THE PLATE PLAN
Holidays are fast approaching and visions of weight gain dance in our heads. Starting to plan early may help avoid some of those unintended pounds that we gain because of all of that delicious holiday fare.
A new and simple approach to portion control may be just what we need this holiday season for pound control. It is called the Plate Plan.

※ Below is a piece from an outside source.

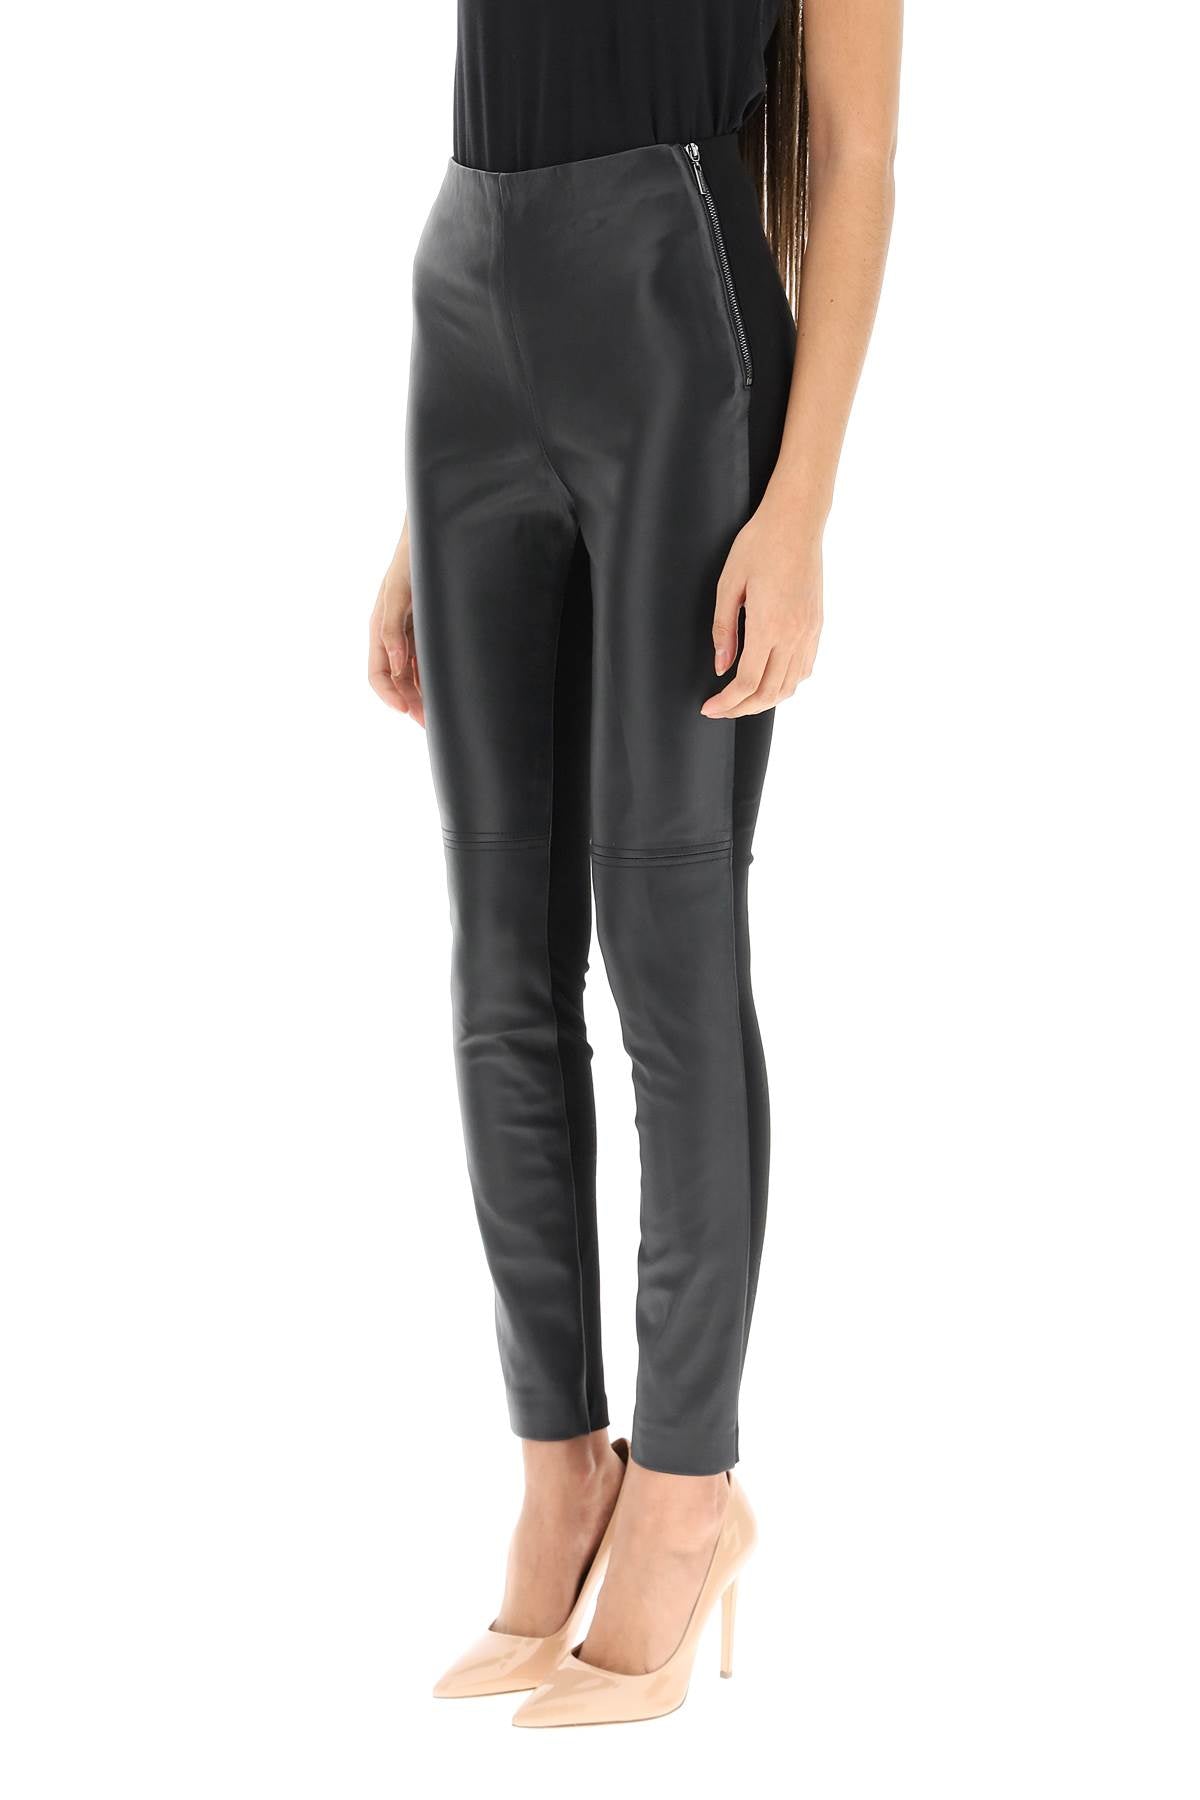 Marciano by guess leather and jersey leggings-3
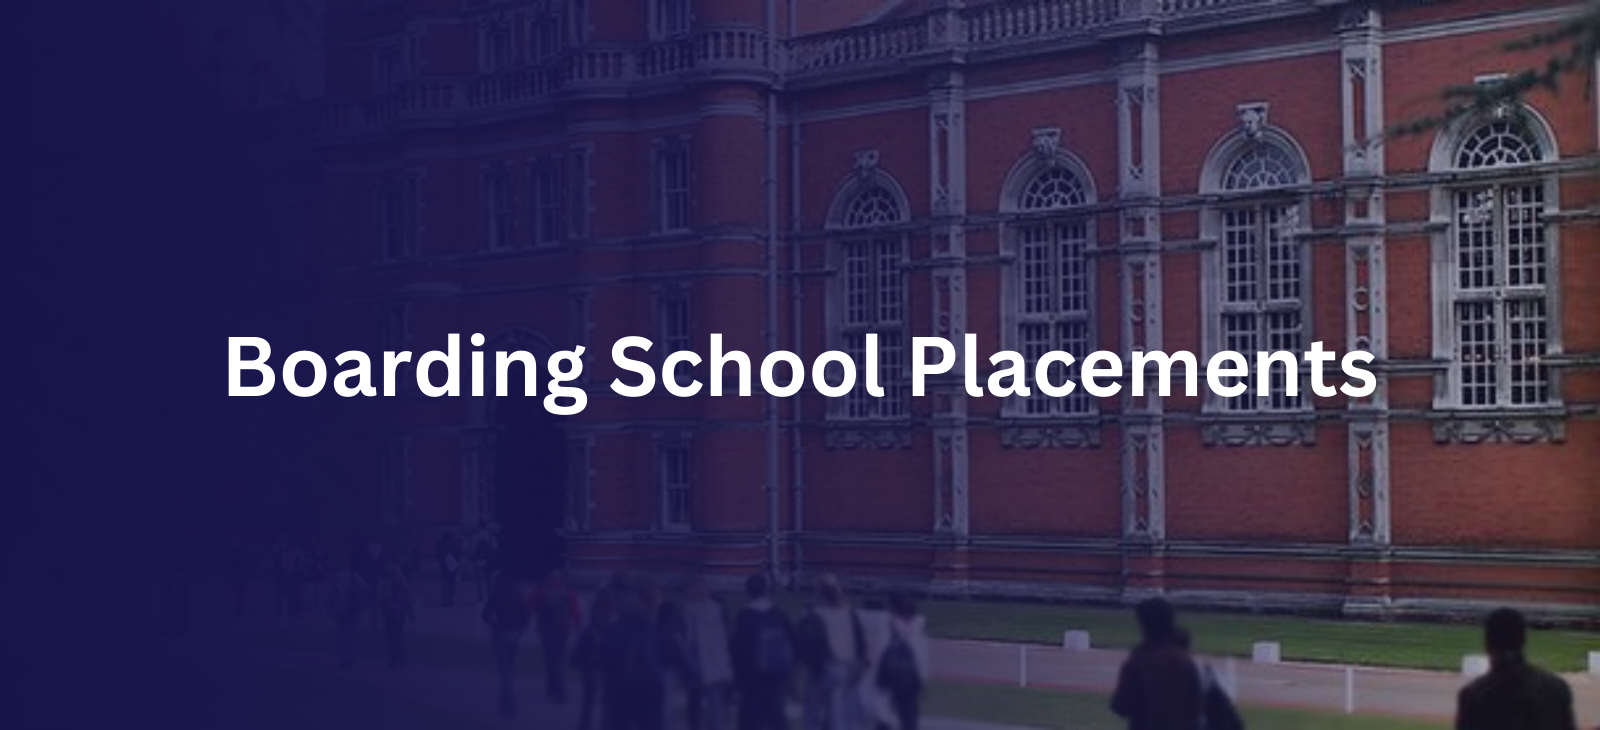 One Hub Study's Boarding School Placement Services

Imagine a dinner plate. For lunch and dinner, divide the plate into quarters. One quarter should contain the protein serving such as meat or fish. One quarter of the plate should contain bread or starchy foods or grains. And one half the plate should contain vegetables. You can add to this a small serving of fruit and a cup of skim milk.
The secret of the Plate Plan is portion size. Looking at your plate this way makes estimating portion sizes easy. By having to fit into one quarter of the plate, the average American serving of 8 to 10 ounces of meat is reduced to about 3-4 ounces.
Salad with low calorie dressing is unlimited. It probably will not fit on the main plate but that's OK. A salad plate fits into this plan.
In recent years the average number; of calories consumed each day has gone from about 1850 to 2000. 150 calories a day can add up to a gain of 15 pounds in one year. This may account for the fact that over half of Americans are overweight and about 20 to 25% are obese.
Instead of trying yet another diet, the easy Plate Plan may be the answer to helping you control weight gain and even assist in shedding a few pounds.